■ **What this task involves**
When you return the material, keep every line exactly as it is and omit the pictures.
===== Information shown =====
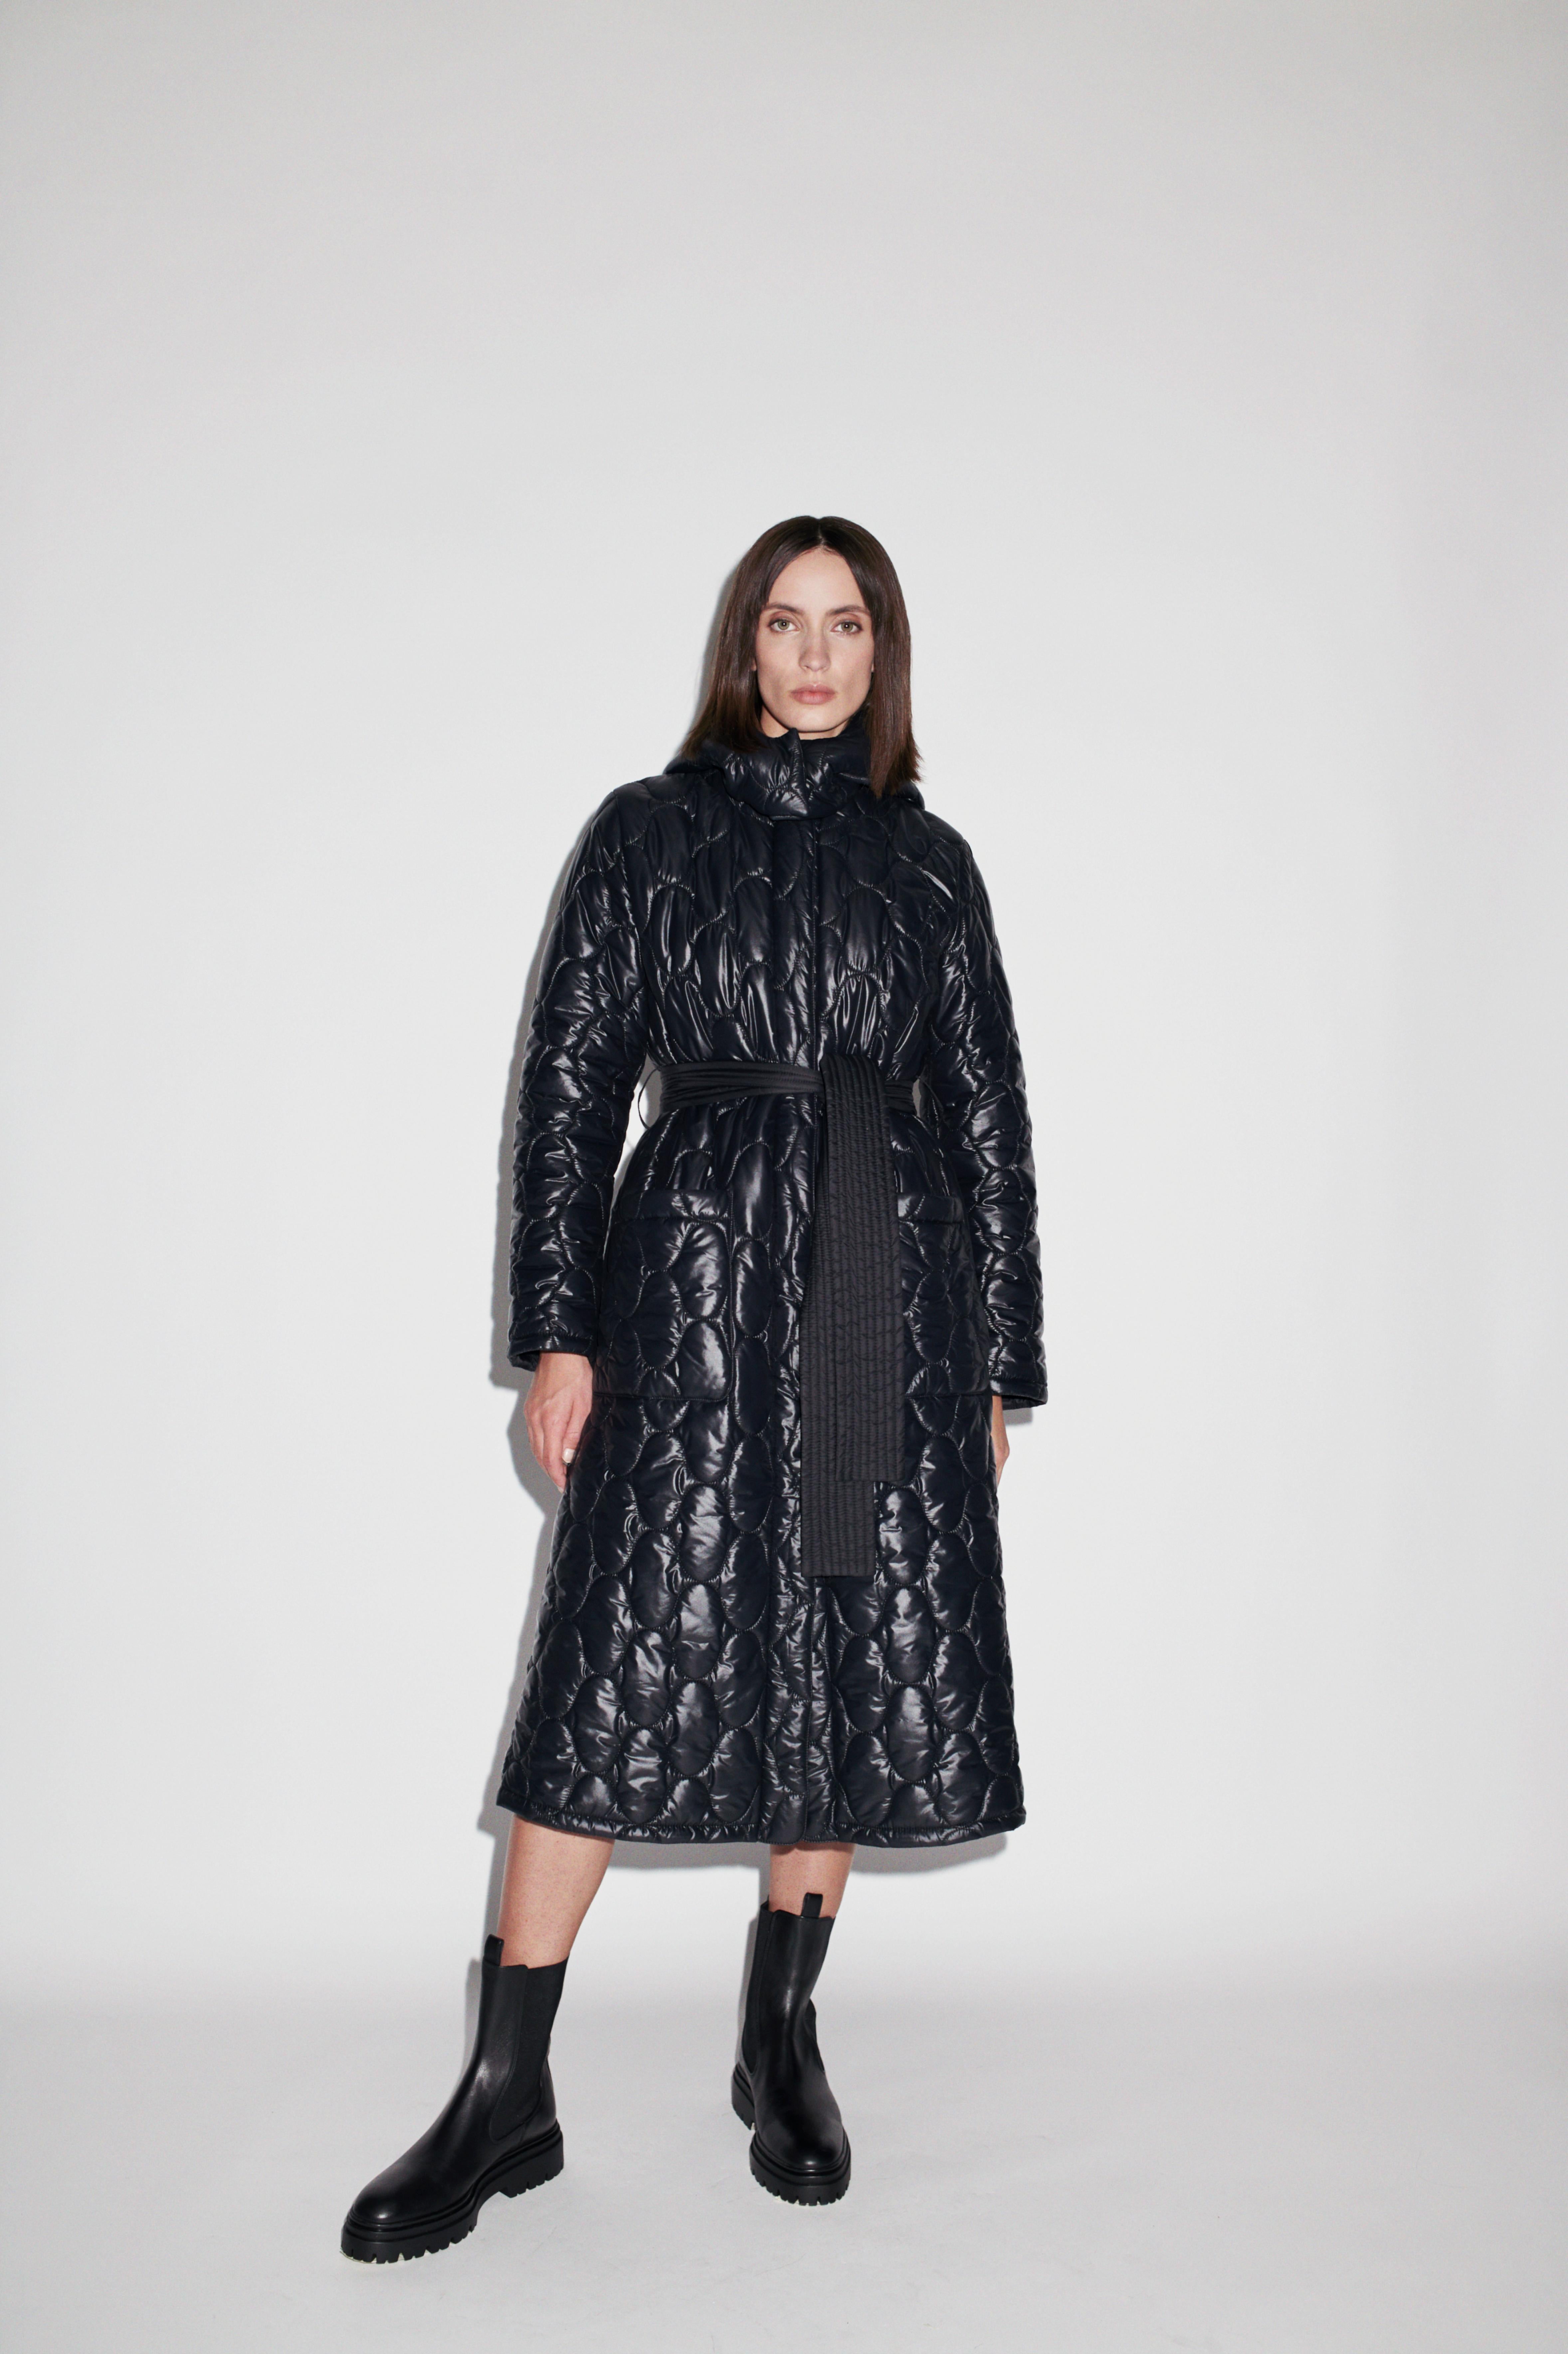 Verheyen London Aurora Quilted Coat with detachable hood - Size uk 10  For Sale 3
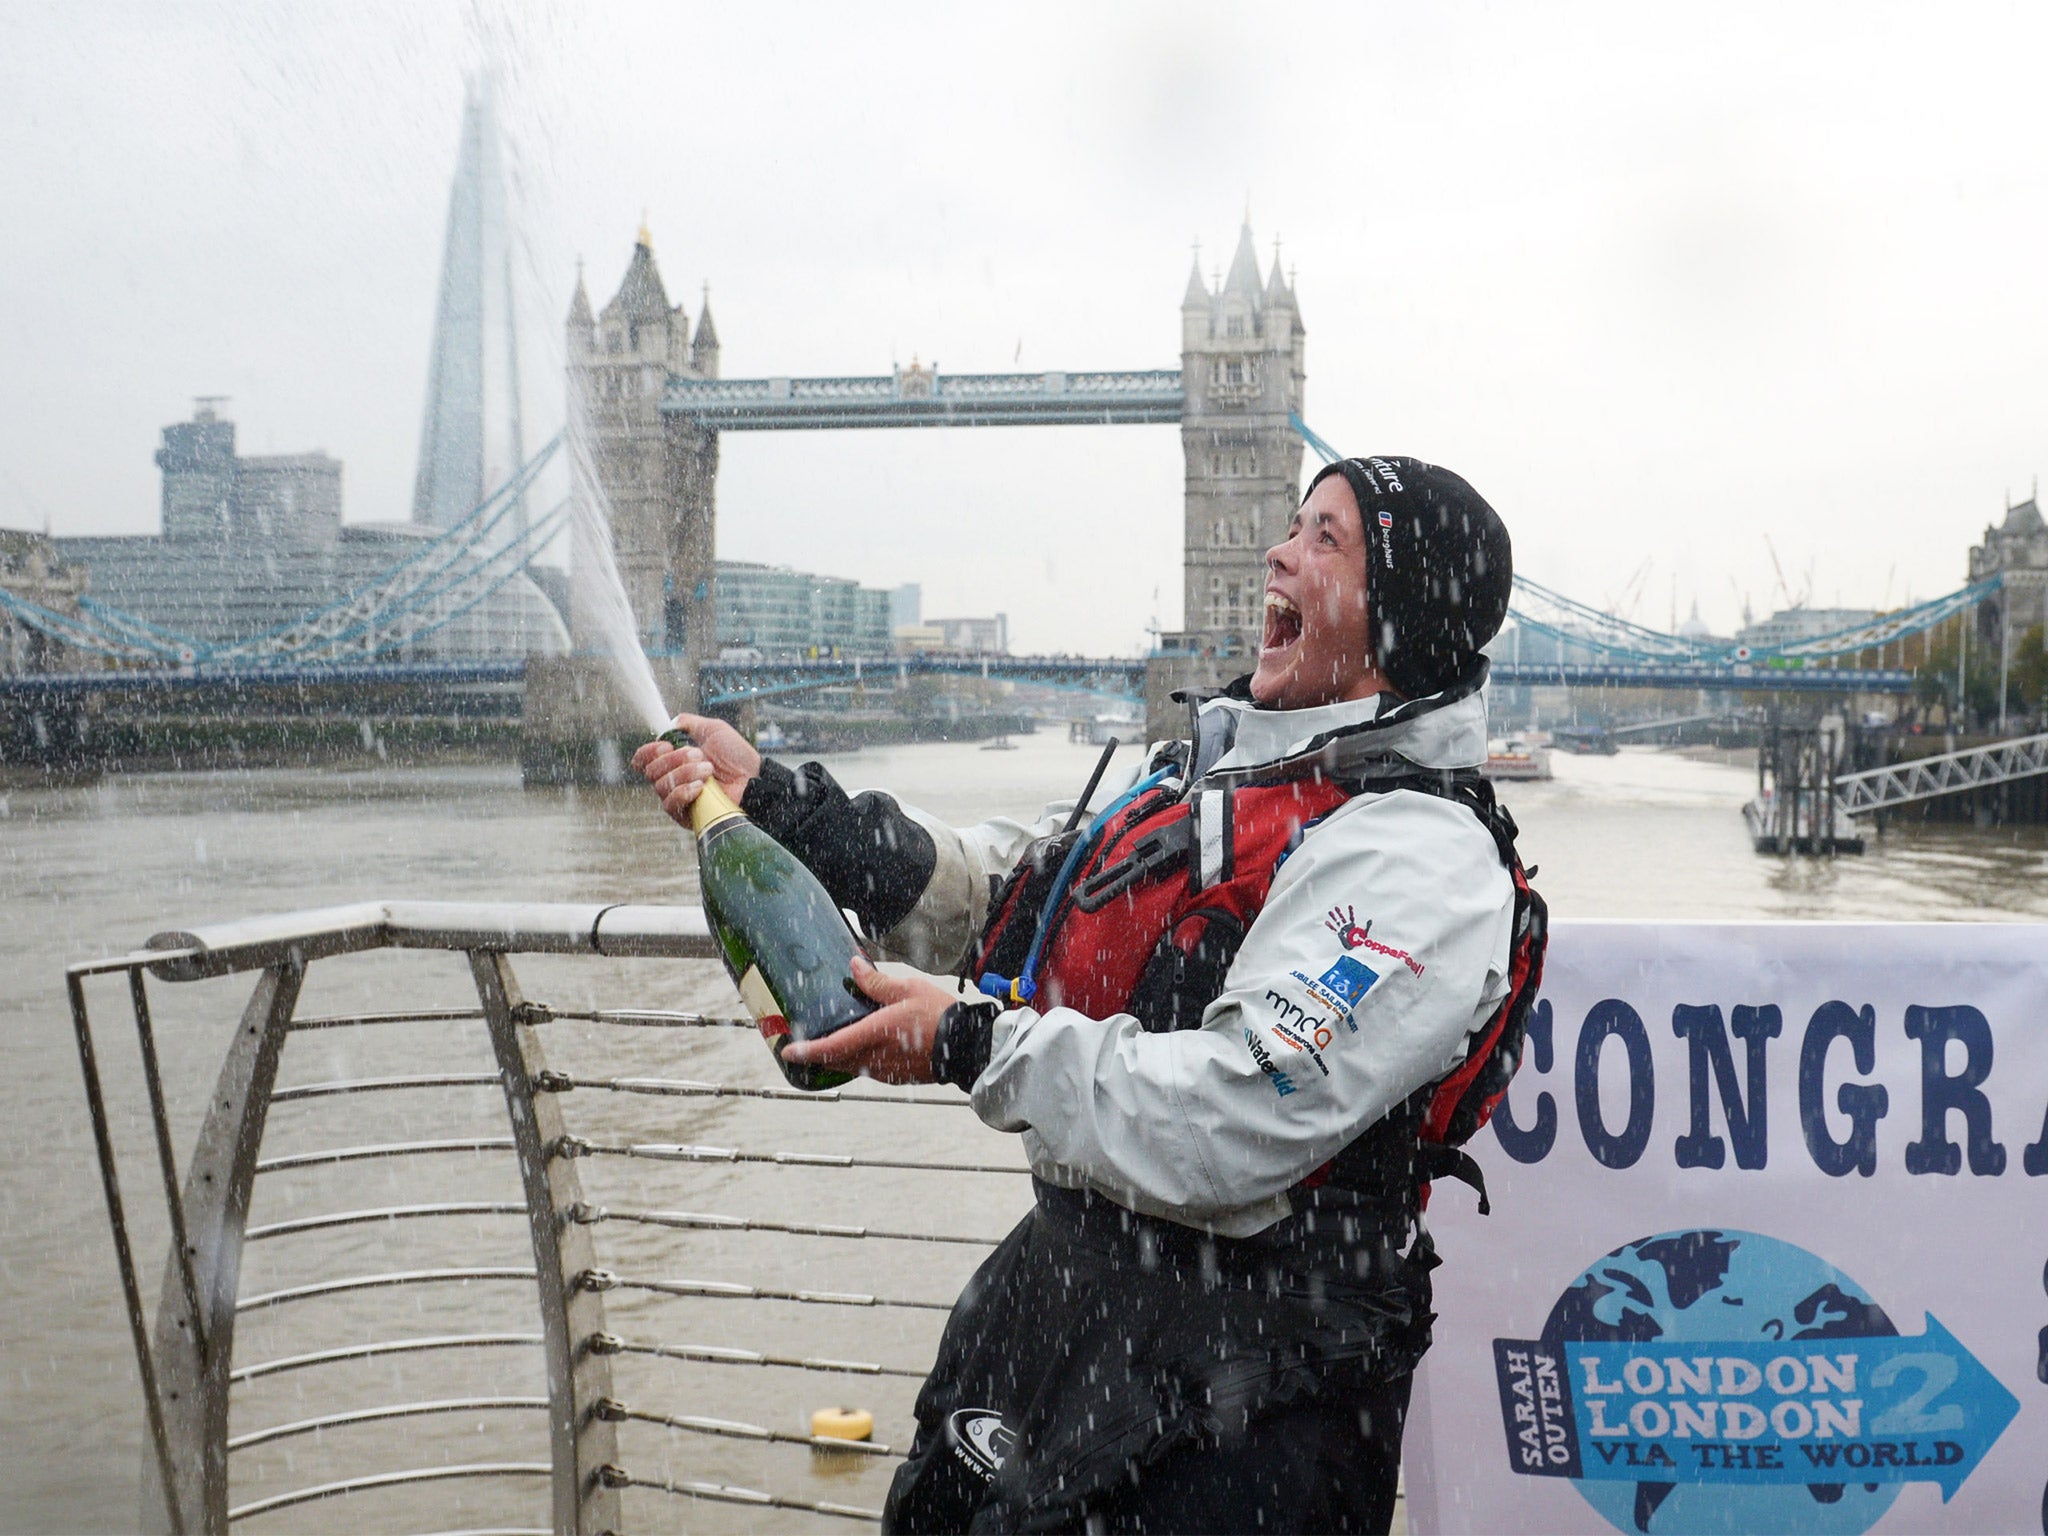 British adventurer Sarah Outen sprays champagne to celebrate after kayaking under Tower Bridge to complete her challenge
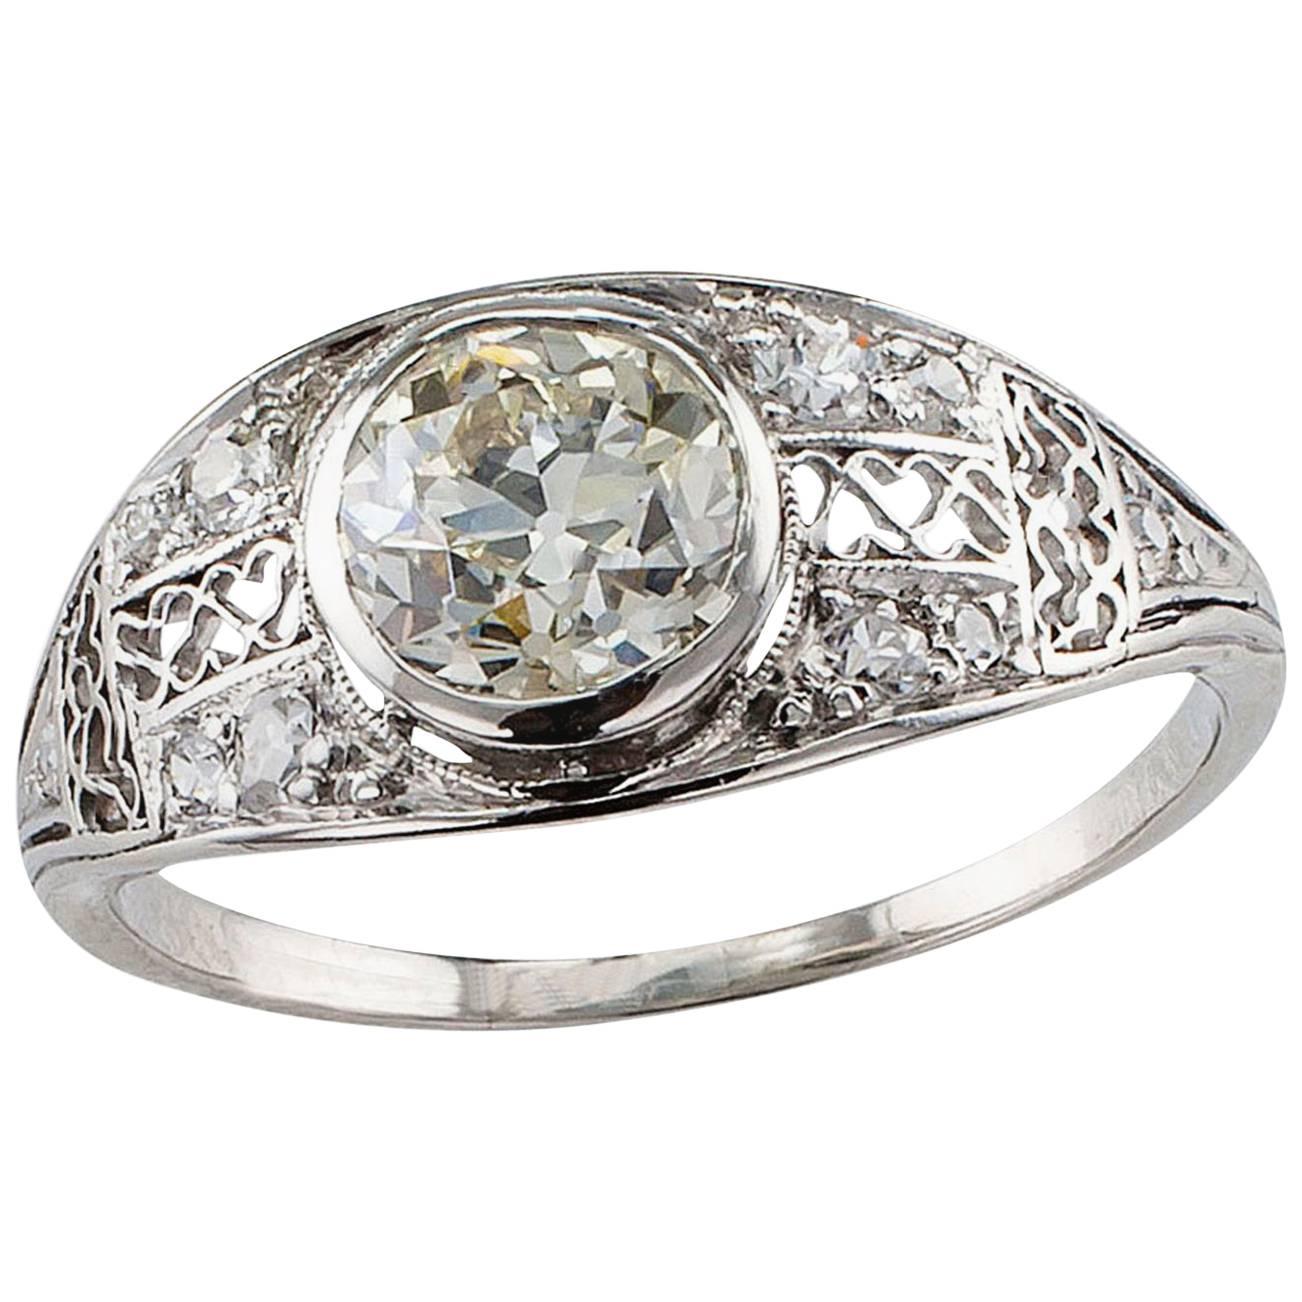 Edwardian 1.05 Carat Diamond Platinum Engagement Ring
=====
■ **Problem solution**
 Verheyen London Aurora Quilted Coat with detachable hood - Size uk 10  For Sale 3
 British adventurer Sarah Outen sprays champagne to celebrate after kayaking under Tower Bridge to complete her challenge
 Edwardian 1.05 Carat Diamond Platinum Engagement Ring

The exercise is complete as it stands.